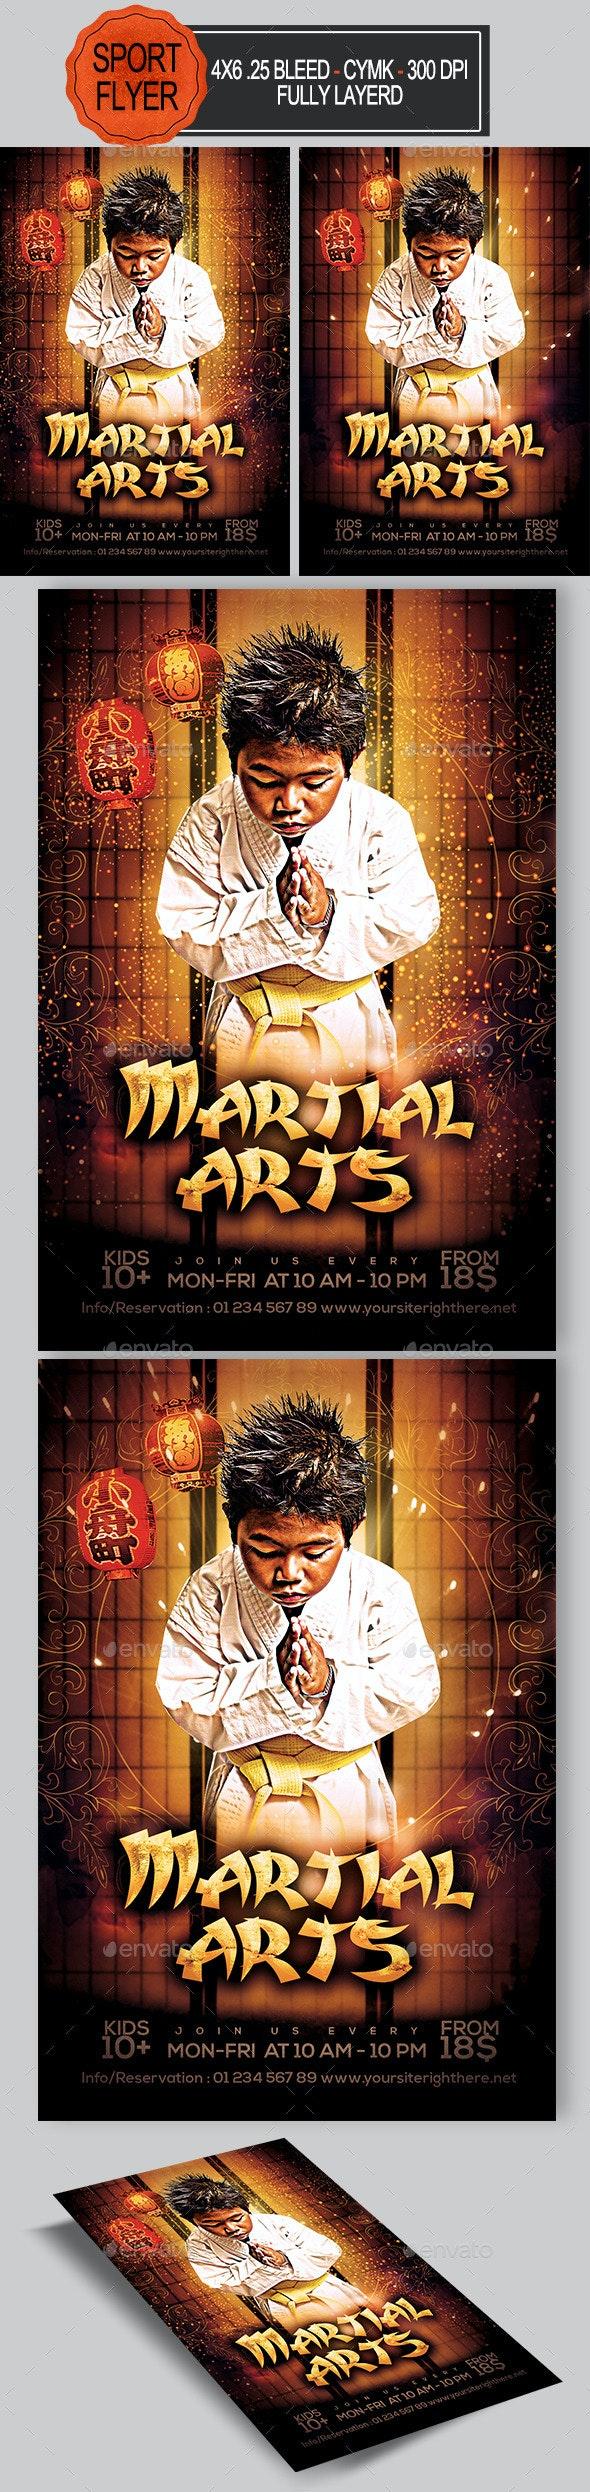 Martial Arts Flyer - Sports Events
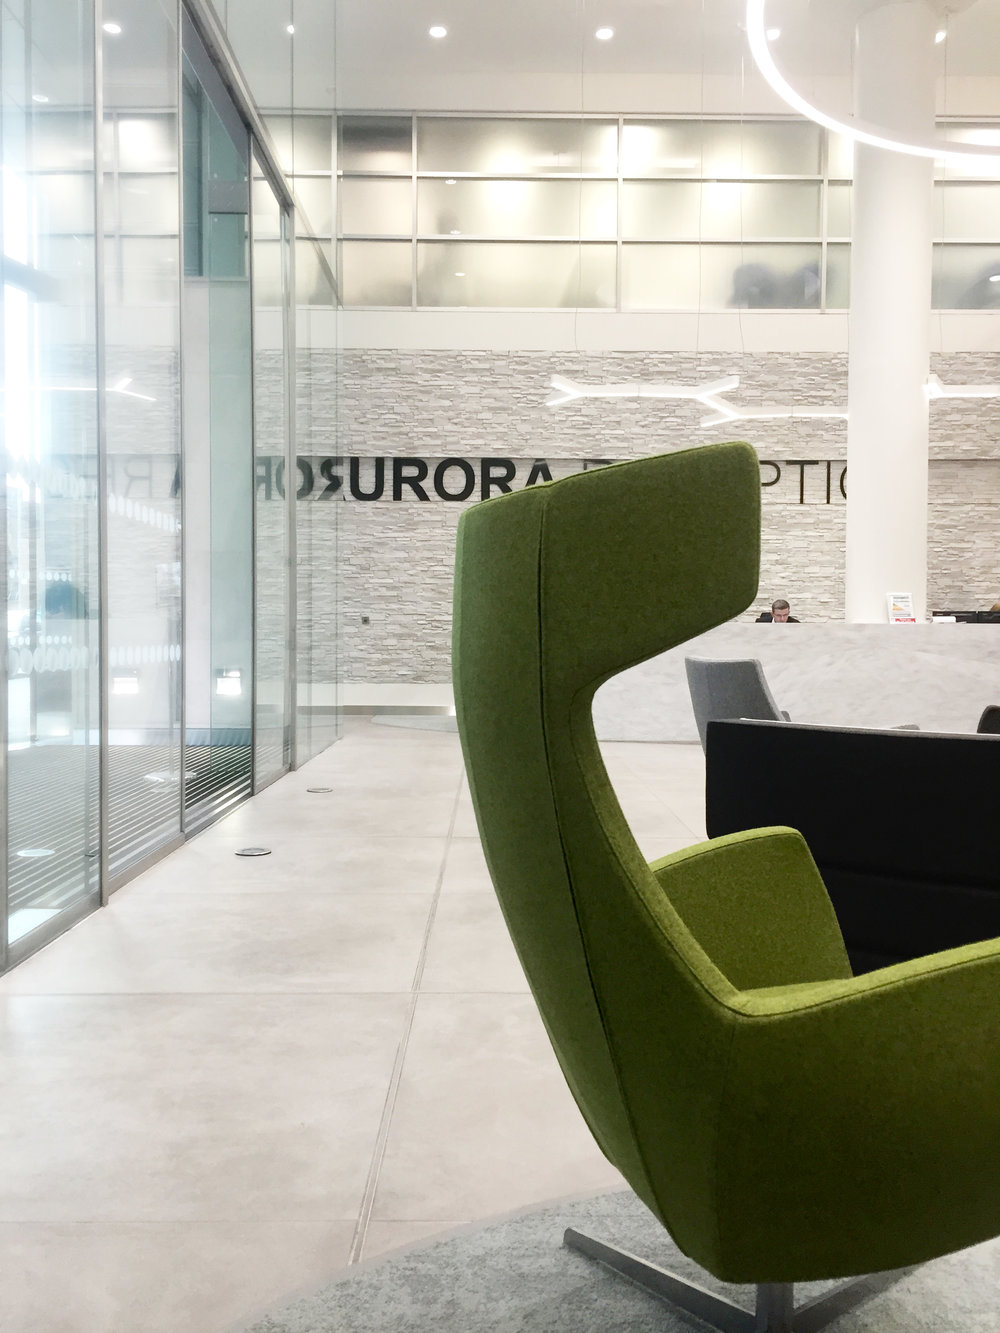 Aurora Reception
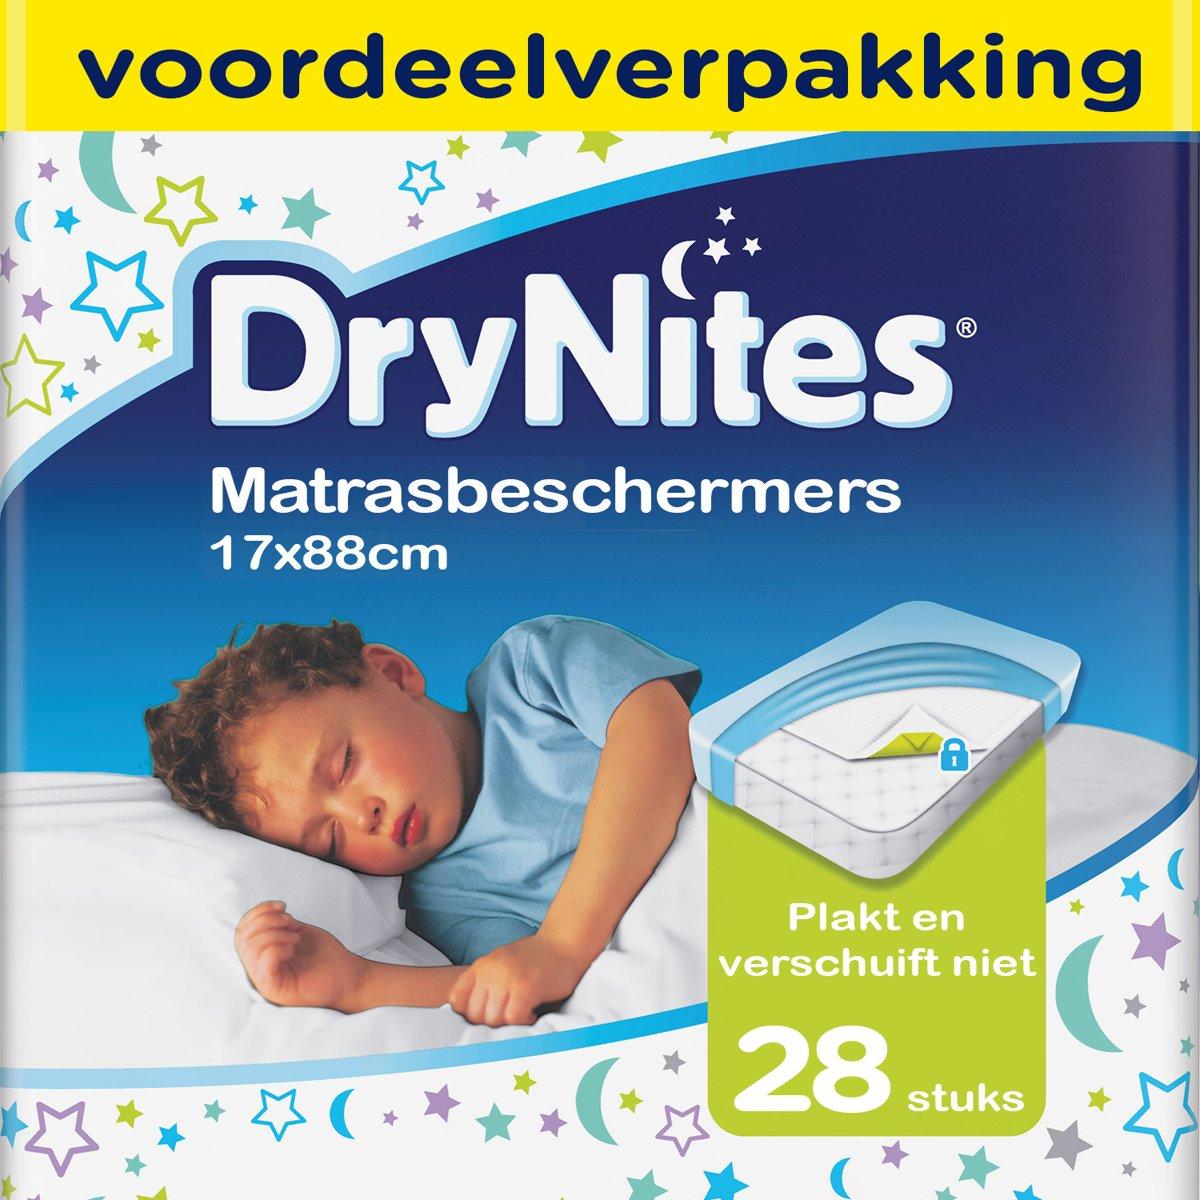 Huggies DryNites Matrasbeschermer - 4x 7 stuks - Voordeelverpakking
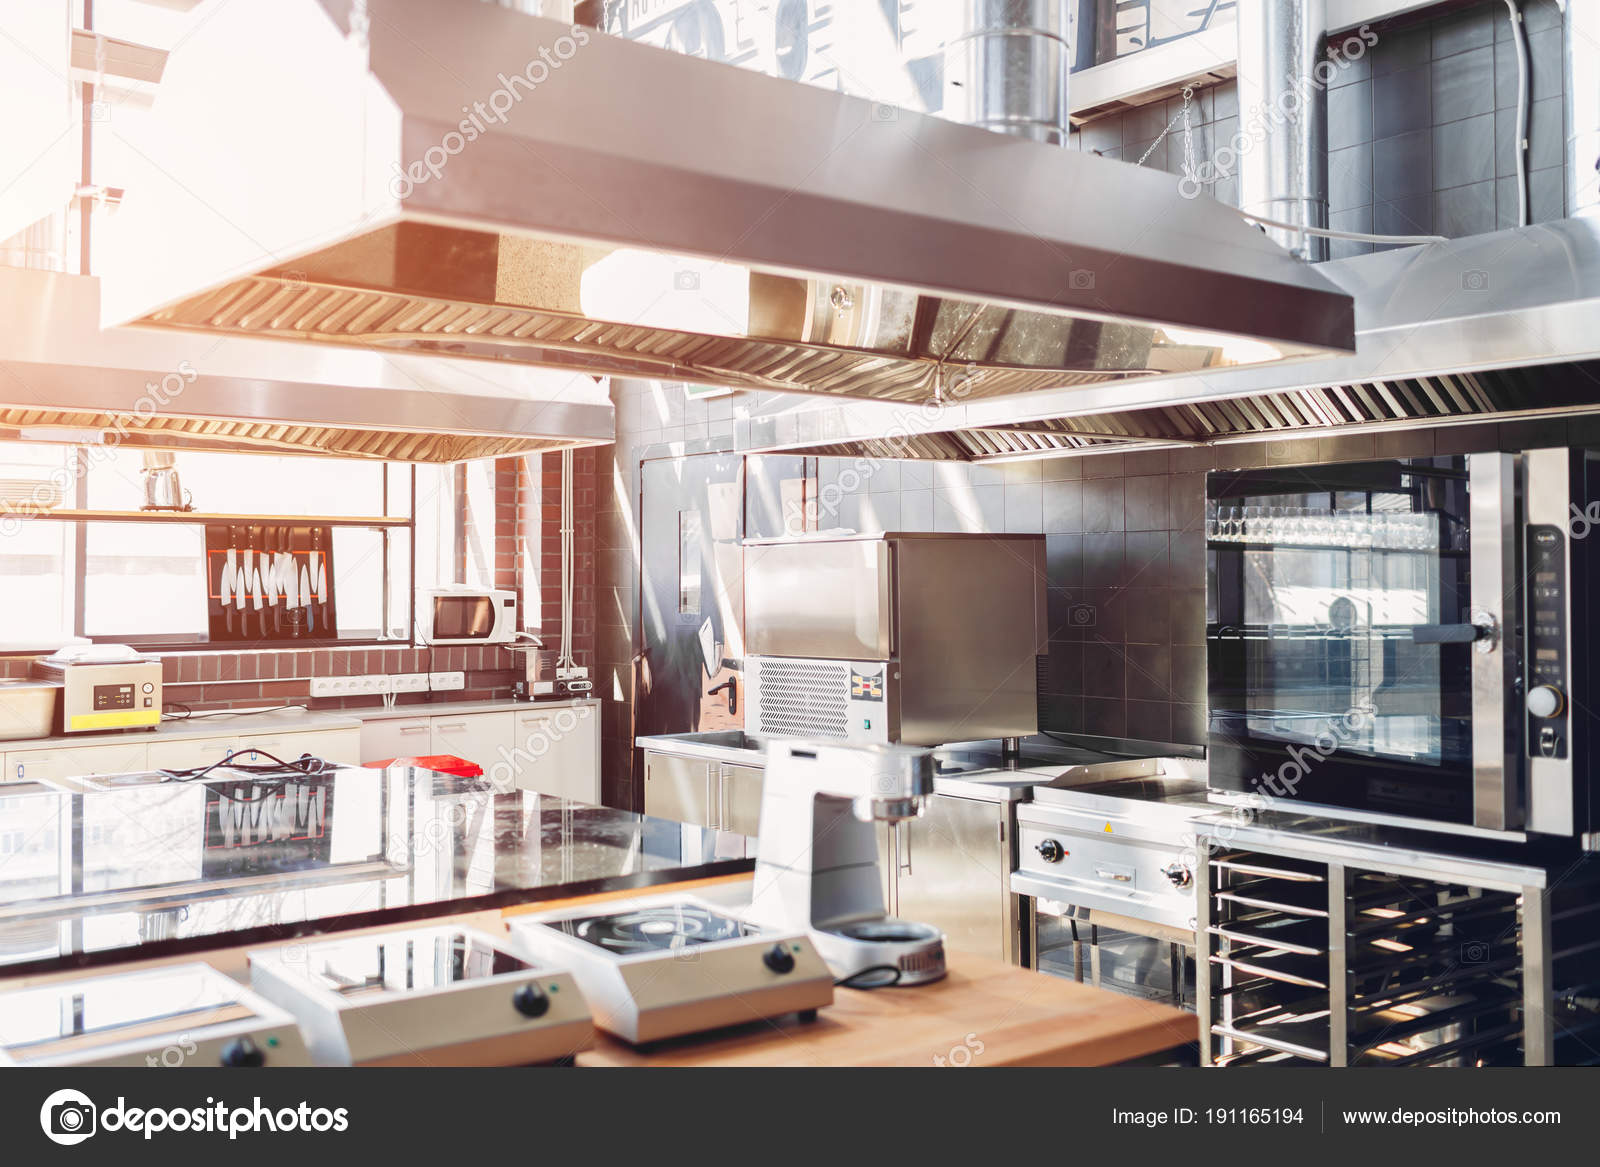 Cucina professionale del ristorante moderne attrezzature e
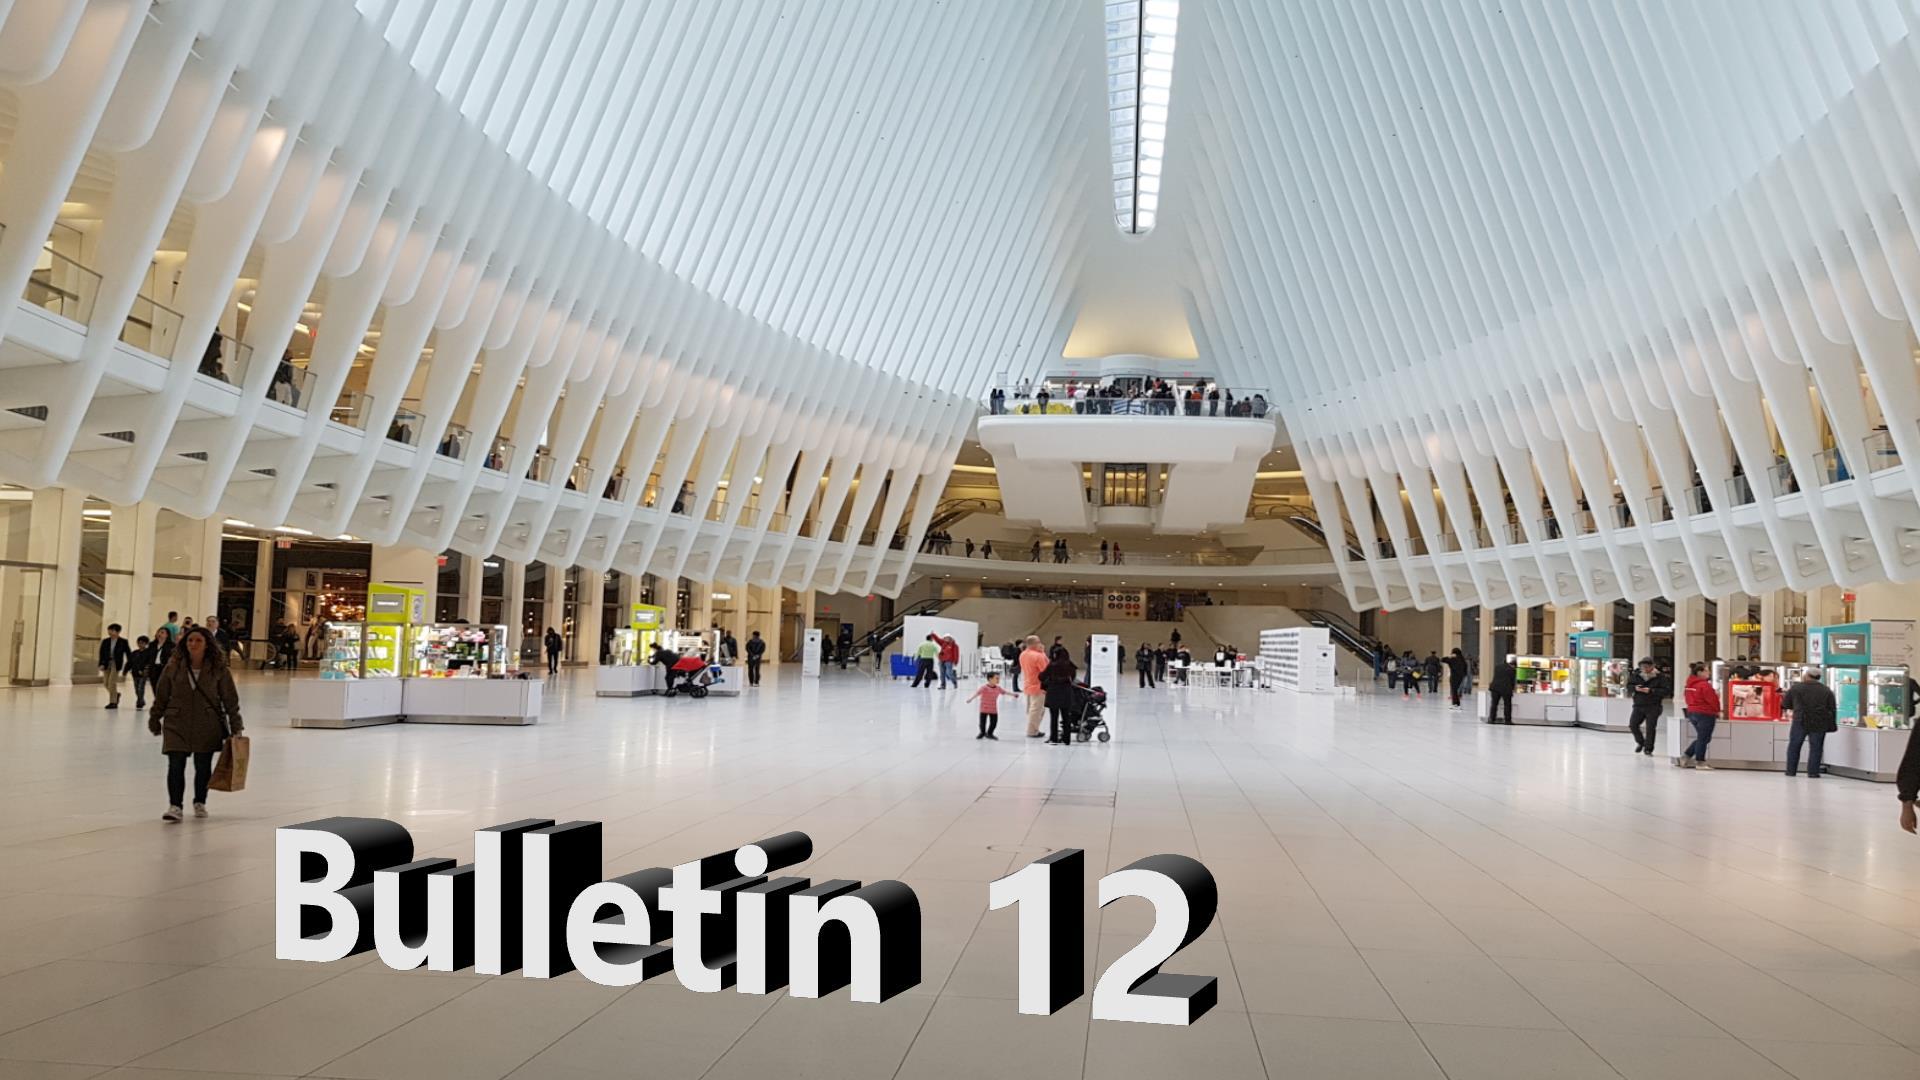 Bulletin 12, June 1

### Task objective
The full material above must be output verbatim, minus any pictures.

### Solution
 Martial Arts Flyer - Sports Events
 Aurora Reception
 Huggies DryNites Matrasbeschermer - 4x 7 stuks - Voordeelverpakking
 Cucina professionale del ristorante moderne attrezzature e
 Bulletin 12, June 1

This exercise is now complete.